# I don't know what to do now



## Heart-broken Girl

Really confused about life now,,,He left and said he want to be alone,,,But it seems that it's not real like what he said, he still online everyday,,,He learned to use the chat tool because of me, but refuses me now,,,sometimes I really hope I can hate him & forget him,,,but can't, I don't know what to do now,,, I care for him because he said tired of this world,,, but I don't want to disturb him as he said want to be alone


----------



## EleGirl

Who is he online with? Is he having an online affair?

If he said he wants you to leave him alone then you really do need to leave him alone right now.

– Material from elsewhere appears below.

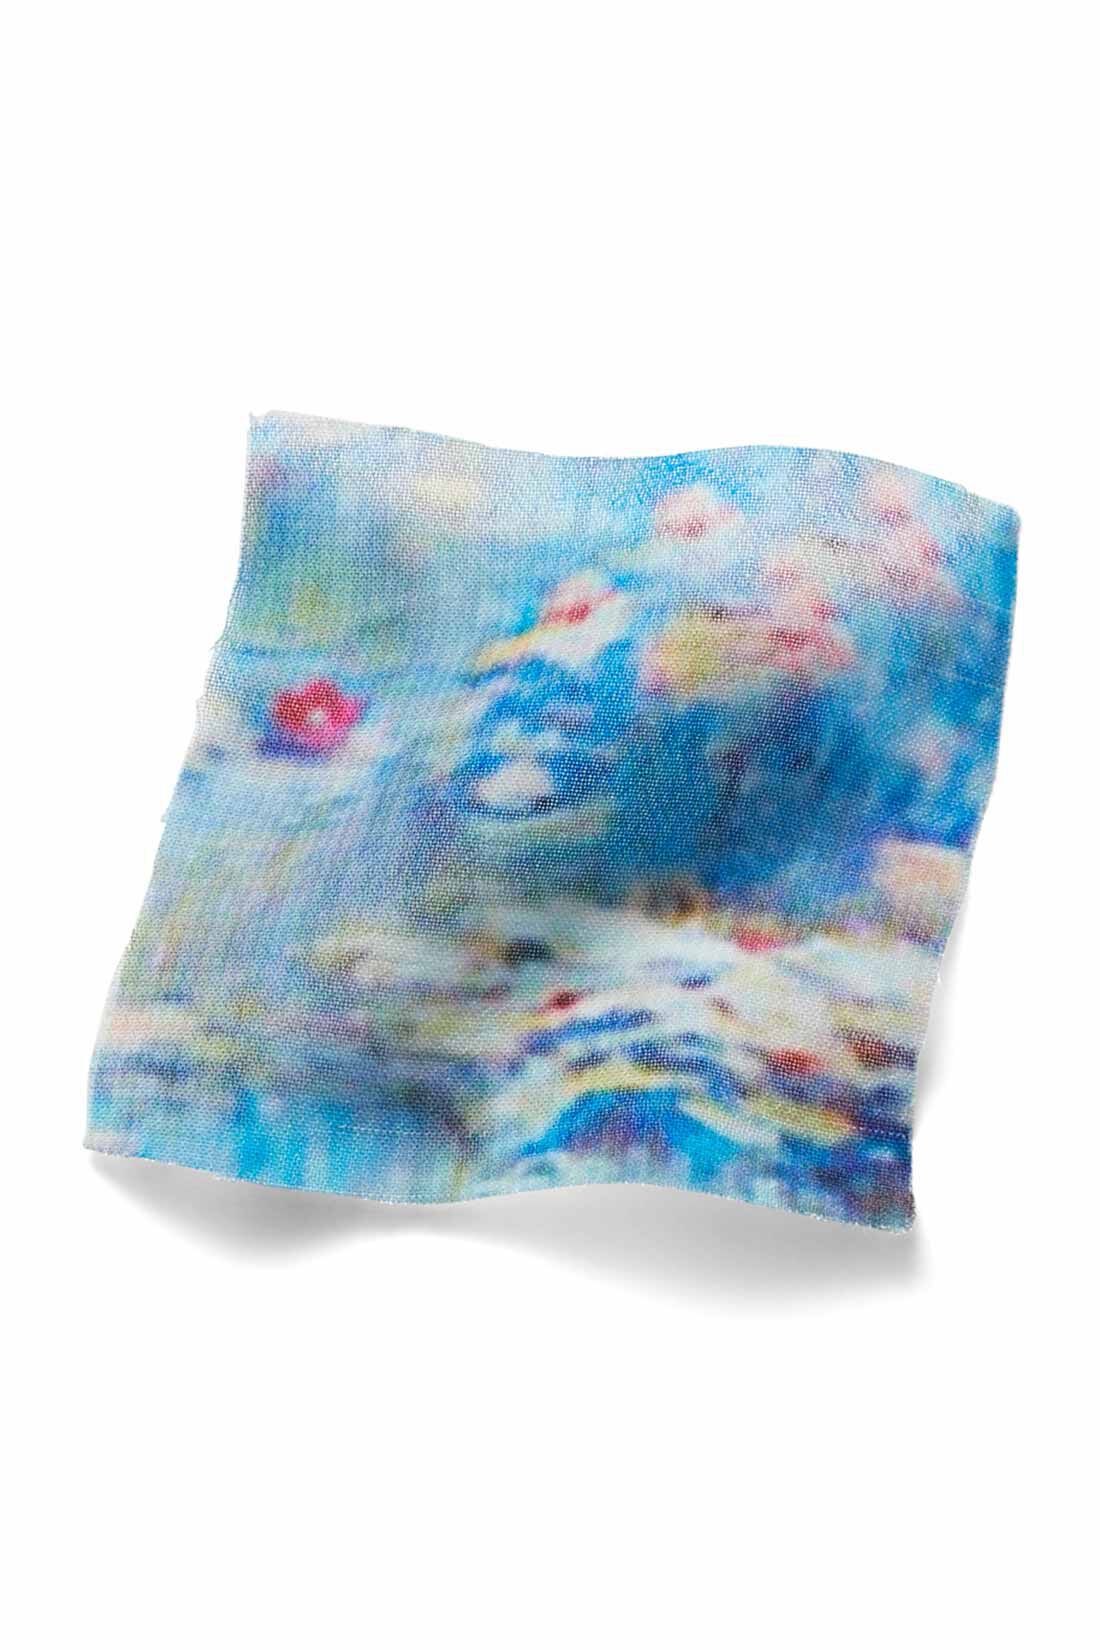 イディット|IEDIT[イディット]　モネの睡蓮をまとうシフォンスカート〈ブルー〉|原画をもとにパターンを起こし、水面を思わせる、透け感のあるシフォン素材にプリント。

Look at the 180 in my signature block below. This is how you should be acting towards him now. Doing this will allow you to heal.


----------



## Heart-broken Girl

EleGirl said:


> Who is he online with? Is he having an online affair?
> 
> If he said he wants you to leave him alone then you really do need to leave him alone right now.
> 
> Look at the 180 in my signature block below. This is how you should be acting towards him now. Doing this will allow you to heal.


I cannot visit the link,,but thanks you,, and you're right,,Maybe it is only an excuse he wants to hide,,I just too care for him,,he not worth my love


----------



## endlessgrief

EleGirl said:


> Who is he online with? Is he having an online affair?
> 
> If he said he wants you to leave him alone then you really do need to leave him alone right now.
> 
> Look at the 180 in my signature block below. This is how you should be acting towards him now. Doing this will allow you to heal.


That 180 is the best tool to keep your sanity and gain some control over yourself. Do not use the 180 to manipulate, use the 180 to get your sanity back. I started using it days ago, and already things are starting to change and I don't get my feelings hurt. It will make you stronger. It will wake you up by teaching you that you CAN live without the other person. Very empowering.


----------



## Heart-broken Girl

endlessgrief said:


> That 180 is the best tool to keep your sanity and gain some control over yourself. Do not use the 180 to manipulate, use the 180 to get your sanity back. I started using it days ago, and already things are starting to change and I don't get my feelings hurt. It will make you stronger. It will wake you up by teaching you that you CAN live without the other person. Very empowering.


Yeah,,,I thought over everything these days,,,I realized that I should be strong to fight. If being sad all the time, nothing will change. I am the master of my life. Lord will help me if I am sincere I believe......Thank you!!!


----------